Another video has surfaced showing a large tiger shark almost biting a scuba diver participating in a group feeding expedition in the Bahamas.
Fast-forward to the 2-minute mark and watch the diver scurry upward, in haste, to avoid an apex predator intent on chomping the bait the diver was holding near his midsection.
Now click on the following link to a video posted in early March, and watch as a different scuba diver yanks his foot from the jaws of a large tiger shark that for a moment seemed to regard the appendage as food.
Upon review, can anyone say with confidence that these types of out-of-the-cage feeding operations are safe for humans and good for sharks? Is an attack imminent in what appears to have become the Wild West of shark diving?
Granted, both videos help to illustrate that sharks are wary, specialized predators, because sharks involved in both close calls did not actually bite anyone.

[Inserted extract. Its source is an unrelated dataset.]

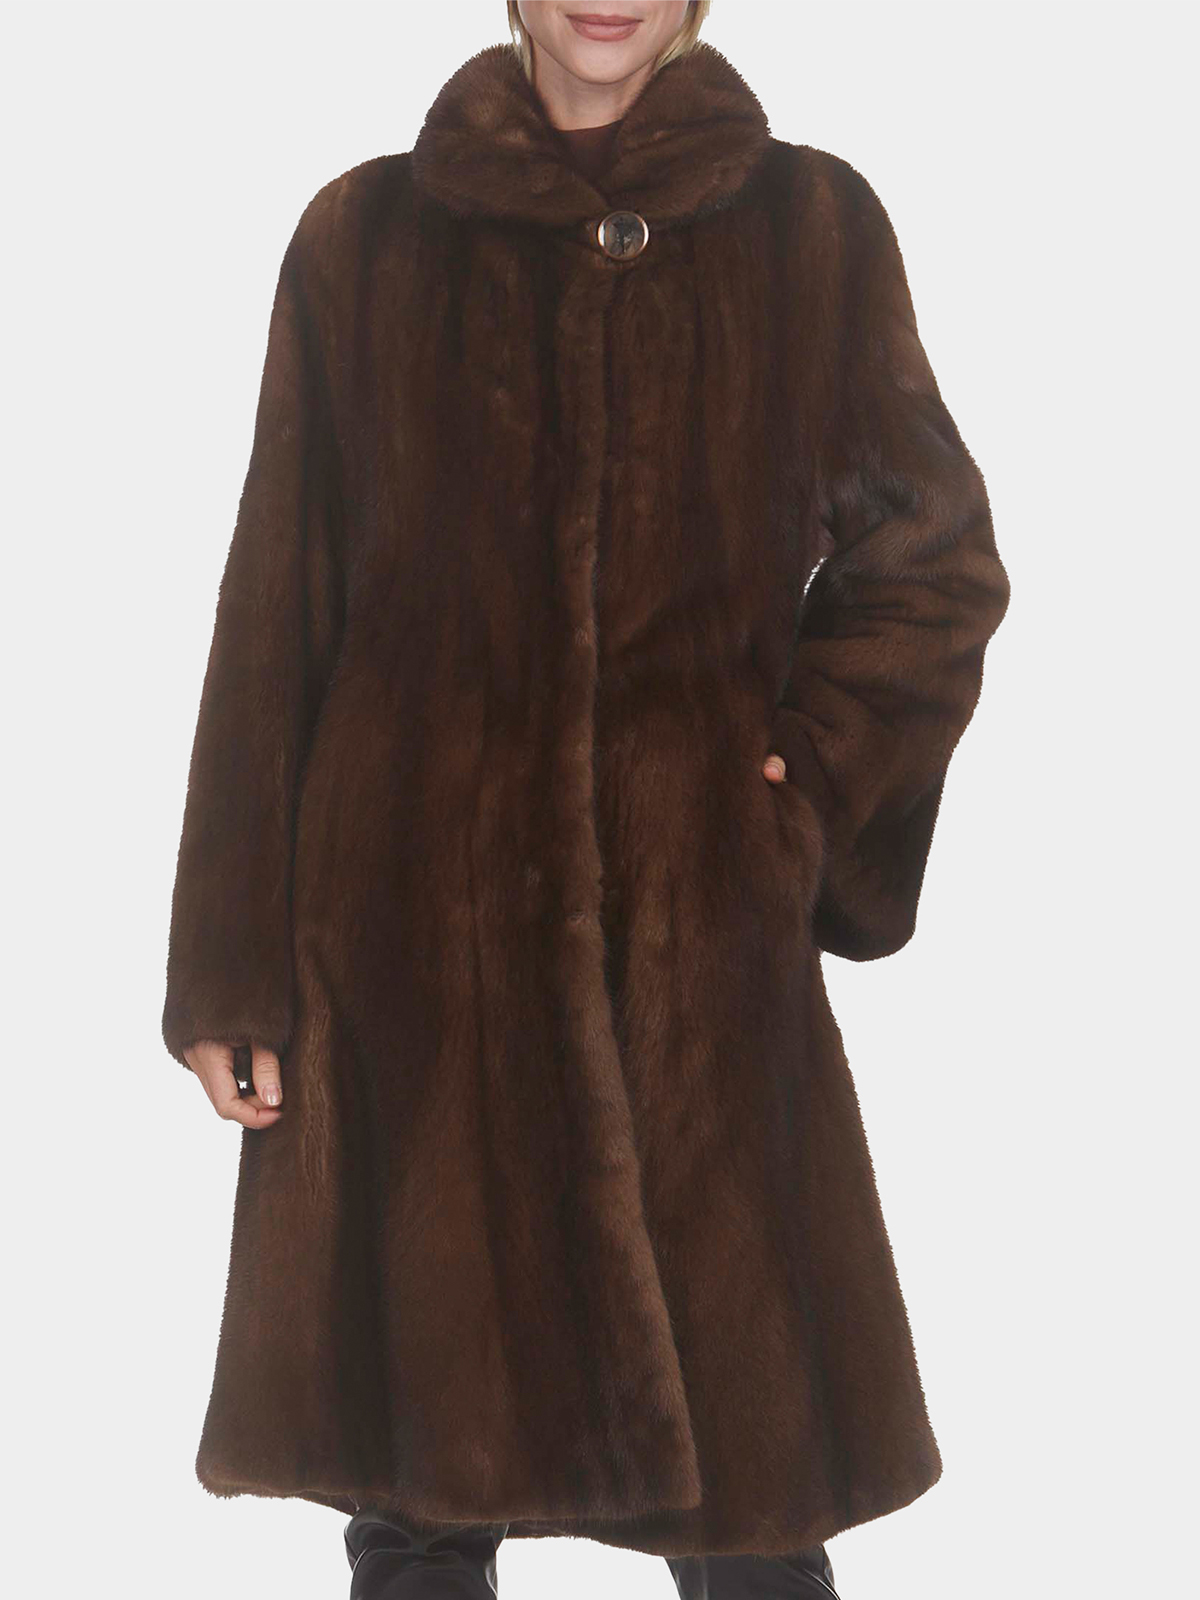 Gorski Scanbrown Mink Fur Short Coat (Women's Large) - Day Furs

But large sharks -- like large terrestrial wild animals -- are not friendly toward humans. They're powerful and unpredictable, and luring them in with the promise of food in this manner, and hand-feeding them, is asking for trouble.
Agree or disagree?
It's worth noting that the accompanying video, uploaded by a YouTube user named Robert Frixenhoff, might have been posted to illicit reaction from within the shark-diving community. The footage is from last August and watermarked into the video, on the lower right corner at the 11-second mark, is "Jim Abernethy's Scuba-Adventures.com."
Abernethy, whose dive company is in Florida, is no stranger to controversy. In 2008 one of his clients, Markus Groh, died after being bitten by a shark while diving outside a cage off Florida. In January of 2011, Abernethy was bitten on the arm by a lemon shark at the Bahamas, and air-lifted to a Florida hospital.